Хильда будет разочарована.
Глава 20
ПРЯТКИ
Пятую ночь кряду я устраивалась на ночевку отдельно, да и днем старалась держаться в стороне от Одена настолько, насколько позволяло пространство. Нет, причина не в затаенной обиде, скорее уж после того разговора не могла относиться к нему по-прежнему.
Куда-то исчезла прежняя игривая легкость, которая ранее казалась вполне естественной, и теперь меня не отпускало ощущение, что Оден запоминает каждое произнесенное мною слово, каждый мой поступок. Запоминает. Взвешивает. И решает, наградить меня или наказать.
Наверняка я не слишком-то успешно справлялась с ролью свиты.
Не нанималась.
Ребра мои зажили, и рука подозрительно быстро вернула утраченную подвижность. О полученной травме напоминал лишь приятный, зеленовато-желтый окрас кожи. И если позавчера я еще сомневалась, выдержу ли дорогу, то сегодня сомнения исчезли.
Да и… болеть лучше дома, на перине и под пуховым одеялом, с книжкой, спрятанной под подушку, травяным чаем и мамиными пирогами. А лучше нет средства от ссадин, чем обслюнявленный лист подорожника, прижатый к разбитой коленке. Ну или к локтю, локти у меня страдали особенно часто.
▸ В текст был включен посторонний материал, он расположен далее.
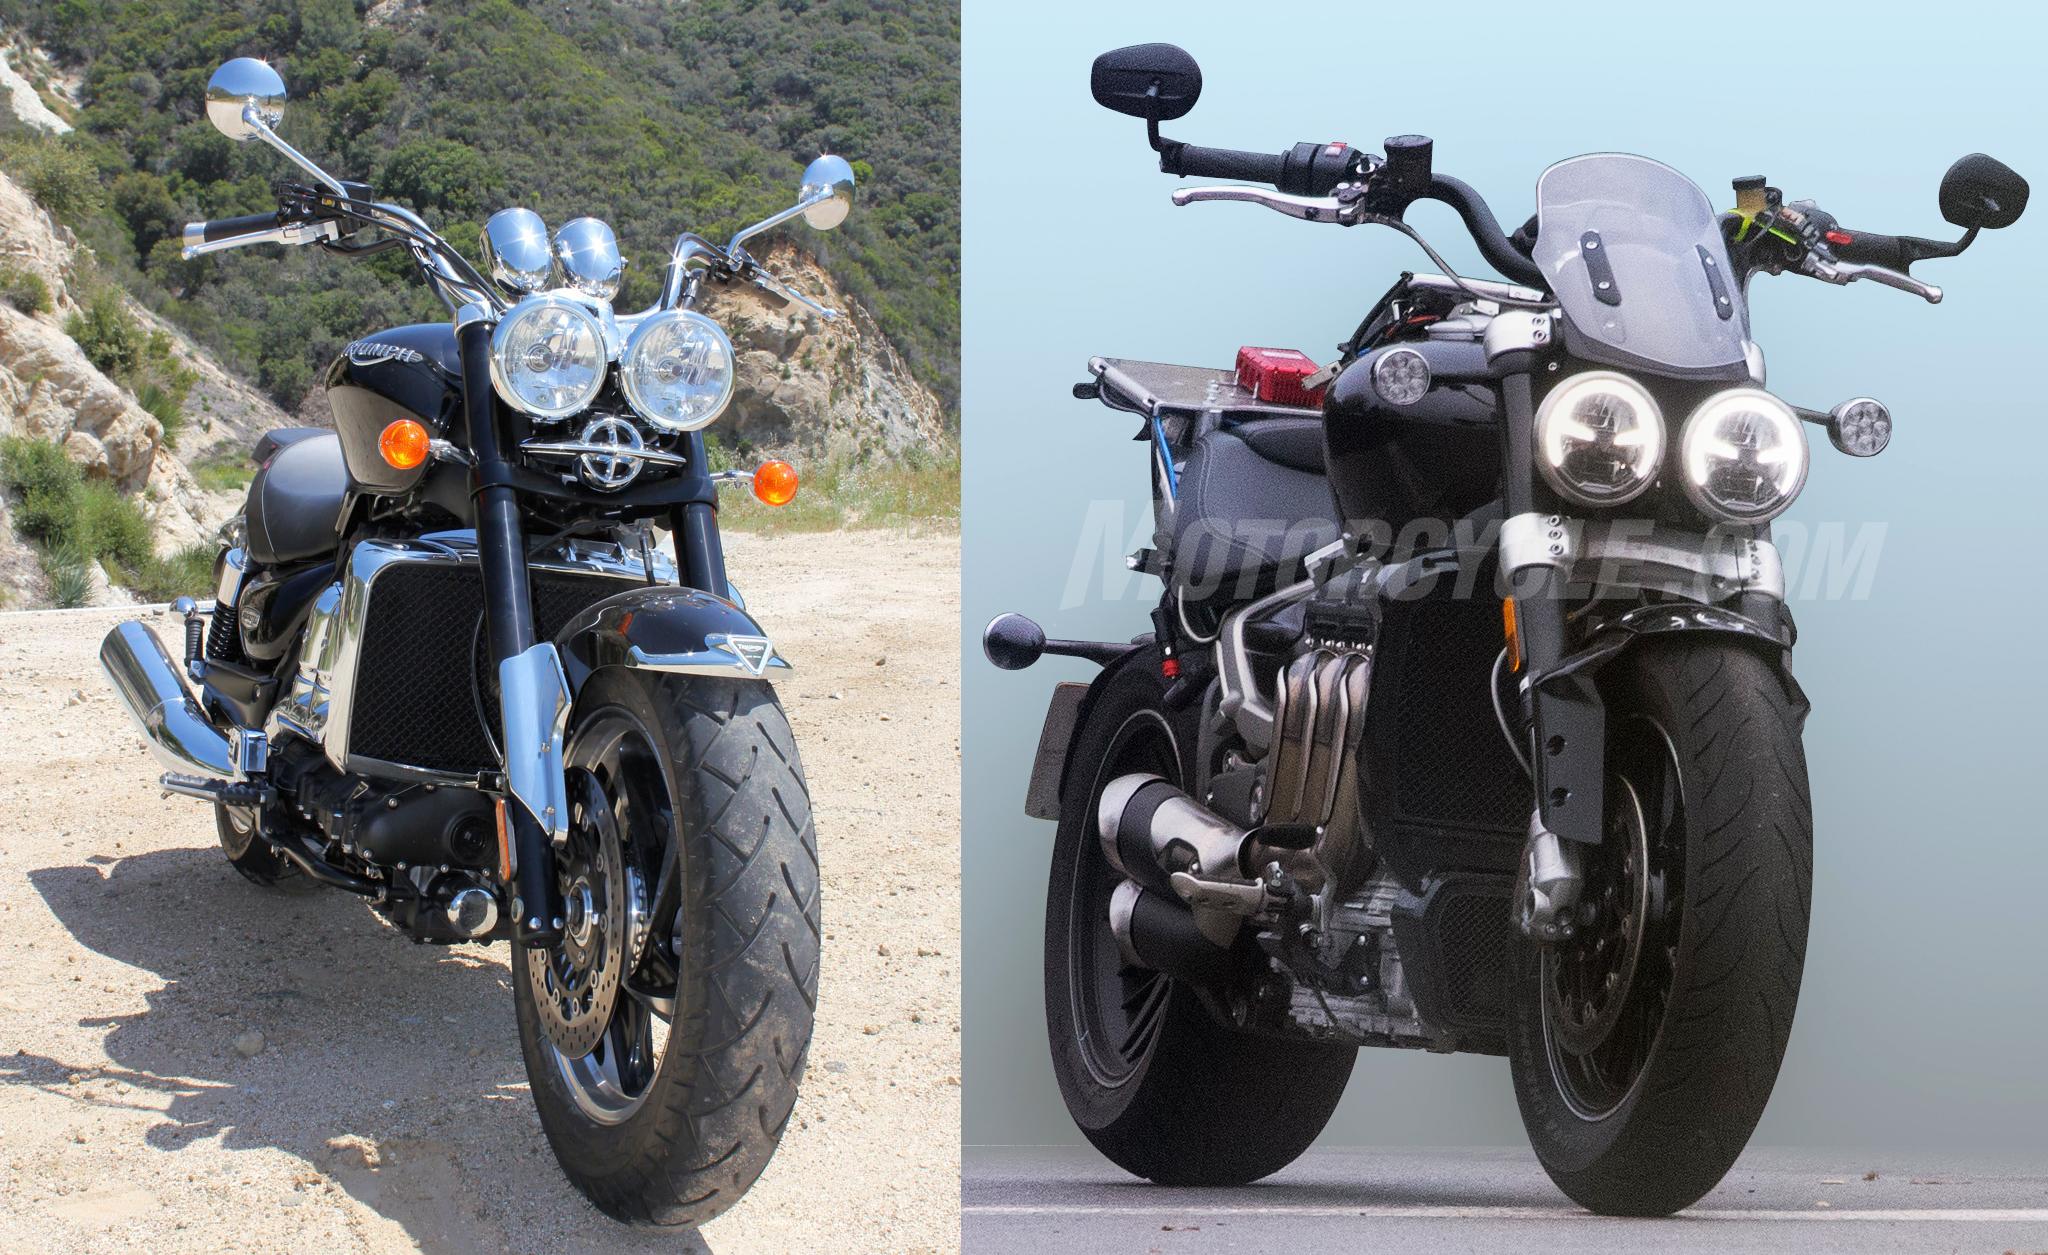 011019-2020-Triumph-Rocket-III-spy-photos-vs-2010-model

Только вот волшебный подорожник остался в детстве.
И книжки.
И пироги.
И бабушкины мешочки с травами.
И уверенность, что завтра, в крайнем случае послезавтра, все будет хорошо.
Здесь же — бесконечный луг и Оден, который, прочувствовав мое настроение, все больше помалкивал. А меня это его молчание почему-то раздражало неимоверно. Этим вечером нас разделил костер, который я разложила на плоском камне. Судя по старым следам копоти, ему уже случалось давать прибежище огню. Пламя расползалось рыжей кляксой, изредка подымалось, силясь дотянуться до котелка, и опадало, неспособное удержаться на темных его боках.
— Скажи, — Оден все же заговорил первым, — все альвы такие злопамятные? Или только ты?
— Что?
Он повторил вопрос, и показалось — издевается.
Я злопамятная? Да я тут с ним нянчусь, вожусь каждый вечер, выкладываясь в полную силу, у меня даже арканы стали почти идеальны, и я злопамятная!
— Была бы злопамятная — ушла бы.
— Не надо, — тихо произнес Оден.
— Не буду.
Мы оба прекрасно знали, что я никуда не уйду ни сегодня, ни завтра, ни послезавтра, когда мы наконец доберемся до Лосиной Гривы и там уже придется решать, идти по ней либо же срезать путь через Долину. И не следует надеяться, что проберемся незамеченными.
Я смотрю на закипающую воду, понимая, что надо бы заговорить… я ведь не злопамятная.
Я практичная.
А темы для разговора нет. Теперь почему-то любая, самая отстраненная, кажется мне небезопасной. И молчание затягивается, оно неправильное, болезненное, и потаенное желание сбежать крепнет. Одной ведь лучше. Я прекрасно со всем сама справлялась, так зачем тогда себя мучить?